Quote Originally Posted by Grimtina View Post
How do you not deliberately misunderstand me when you ignore my Japan example? OK, maybe you aren't able to transfer from one example to another. So here's an abstract.
I was sticking with the same example because it hasn't been resolved to anyone's satisfaction. If you're not familiar with the "Gish gallop", it's an argumentative strategy when someone tosses out a point and asks for someone else to refute it, then when that argument looks like it's not going the way they'd like they toss out another one, then another and another and another, and claims "victory" because the other person hasn't refuted all their points.

Not that I'm accusing you of doing that deliberately, but just ignoring a point and moving on and then accusing others of misunderstanding when they don't ignore the point isn't very good discussion etiquette.
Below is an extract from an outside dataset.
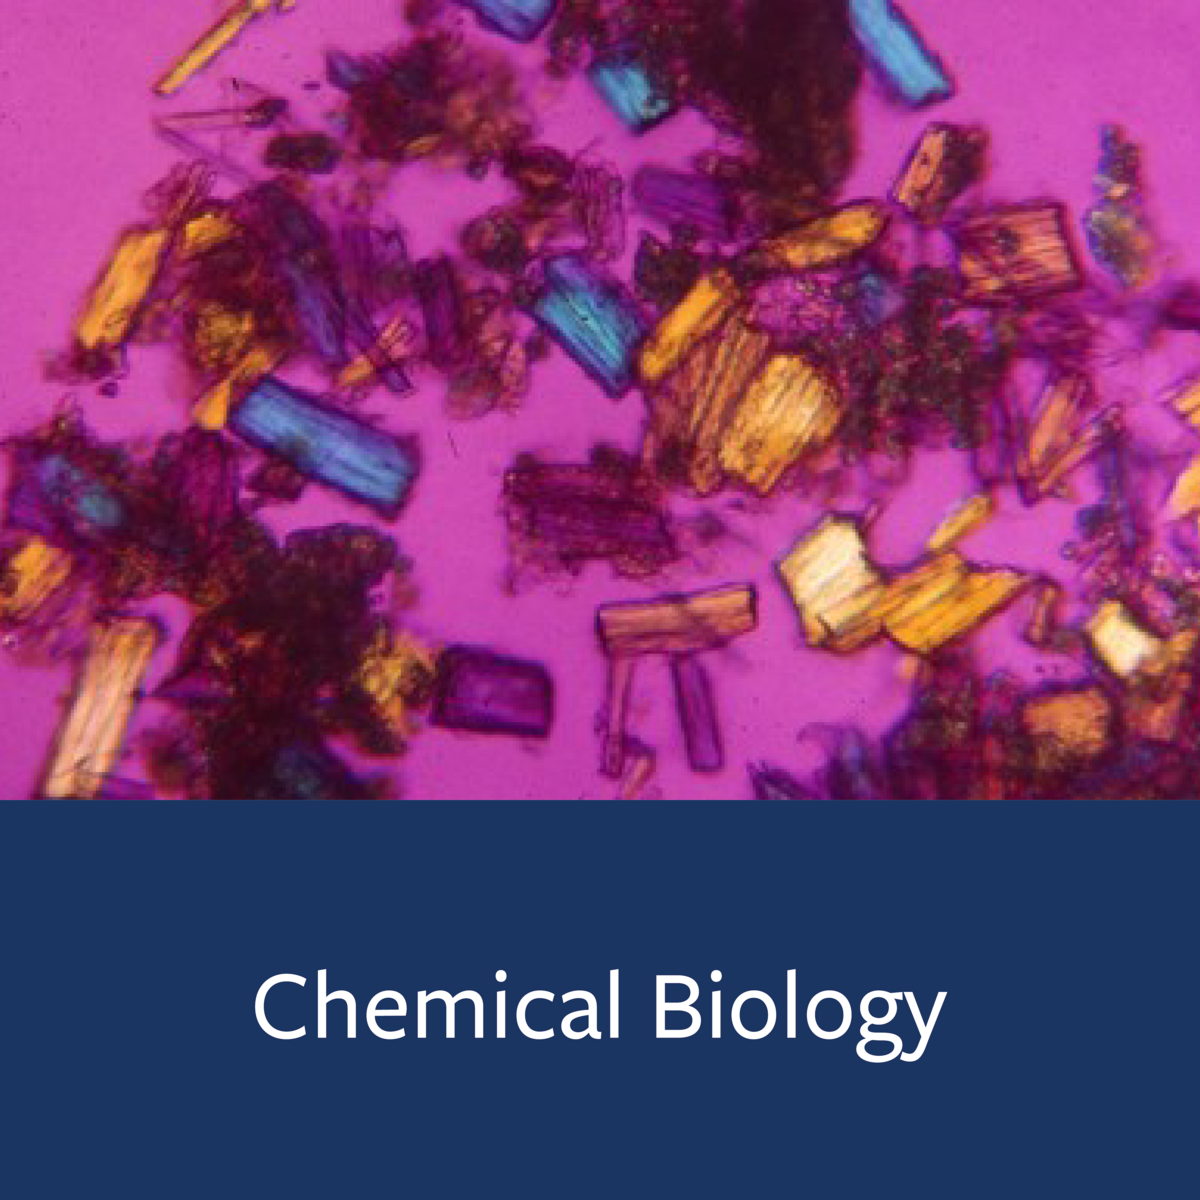 Chemical Biology Major Map

Quote Originally Posted by Grimtina View Post
Ah yes, the infinite monkeys. *facepalm*
Dismissing statistics as "the infinite monkeys" is not productive when (A) dealing with large numbers of events usually requires statistical analysis to make sense of things, (B) it does a good job of explaining the seemingly inexplicable, and (C) you've already admitted that you're bad at math and therefore aren't at all unbiased in this area. Statistics works, the argument from incredulity doesn't.
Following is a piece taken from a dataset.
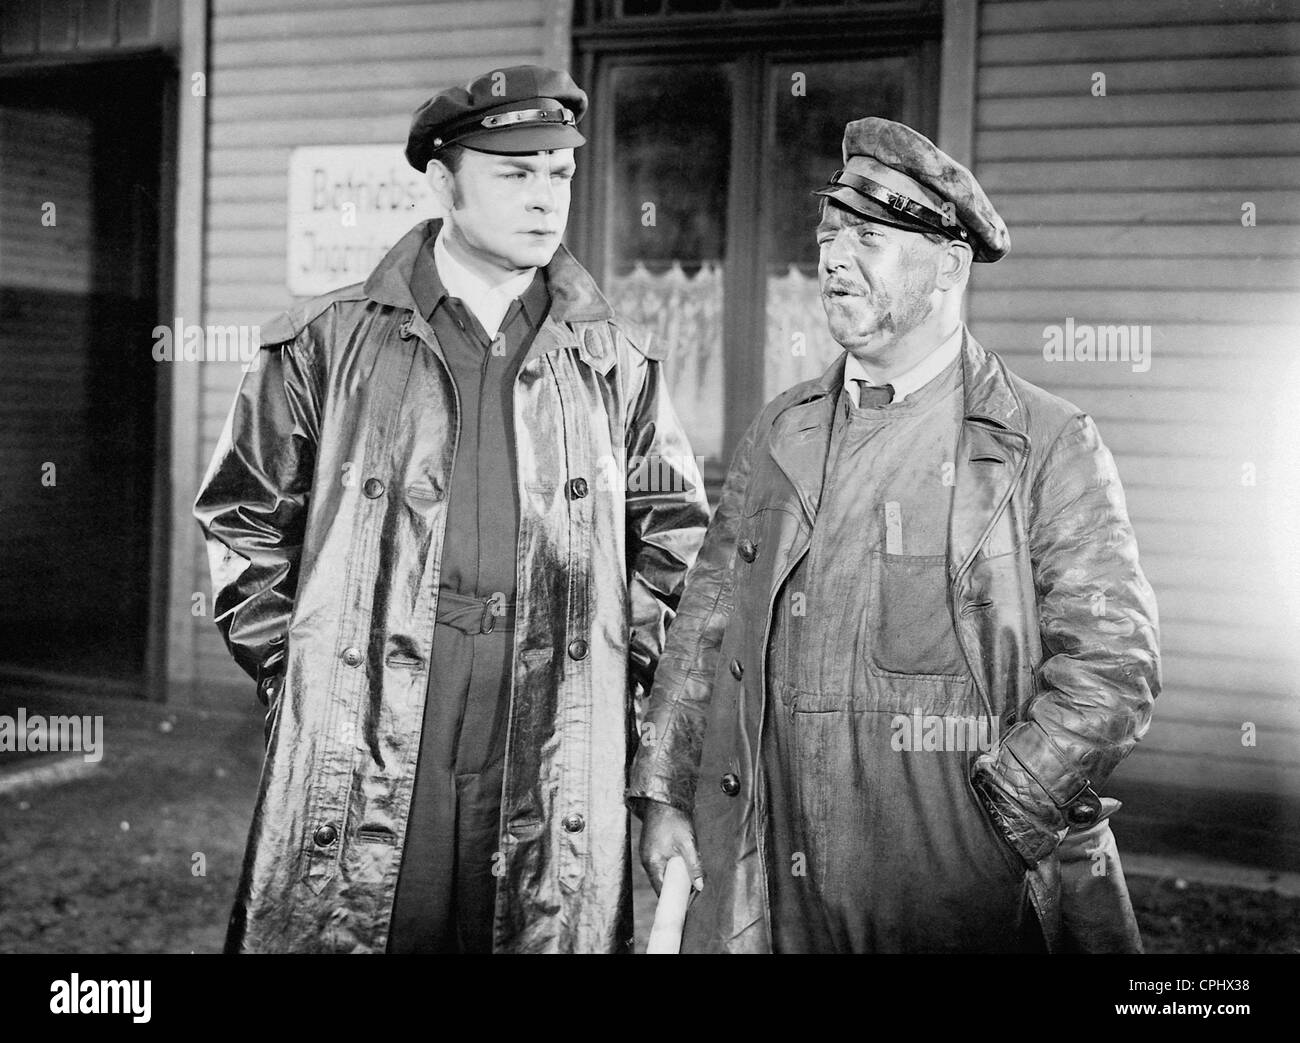 Paul Hartmann und Hermann Speelmans in 'F.P.1 doesn't answer', 1932 - Stock Image

Quote Originally Posted by Gnomvid View Post
Yes but not good enough to use as a base for any academic work, at least when I recently took some UNI courses here we were highly discouraged to use it as a base for any work we did as even 86% is not reliable enough.
Wikipedia cites its sources, which you can check if you're not certain of a quote's validity. Some of the opposition to Wikipedia by professors of more advanced classes makes sense (e.g. dropping the Adiabatic theorem on someone via Wikipedia is much more confusing than a textbook explanation), but for less complex subjects the opposition mostly seems to boil down to "It's not in a textbook, therefore it's unreliable" despite the fact that for such introductory material the Wikipedia version is usually essentially the same, if not more up-to-date and better explained.

For this debate in particular, I'd say citing Wikipedia for brief records of events, introductory science and mathematics, and basic logical reasoning is perfectly reasonable.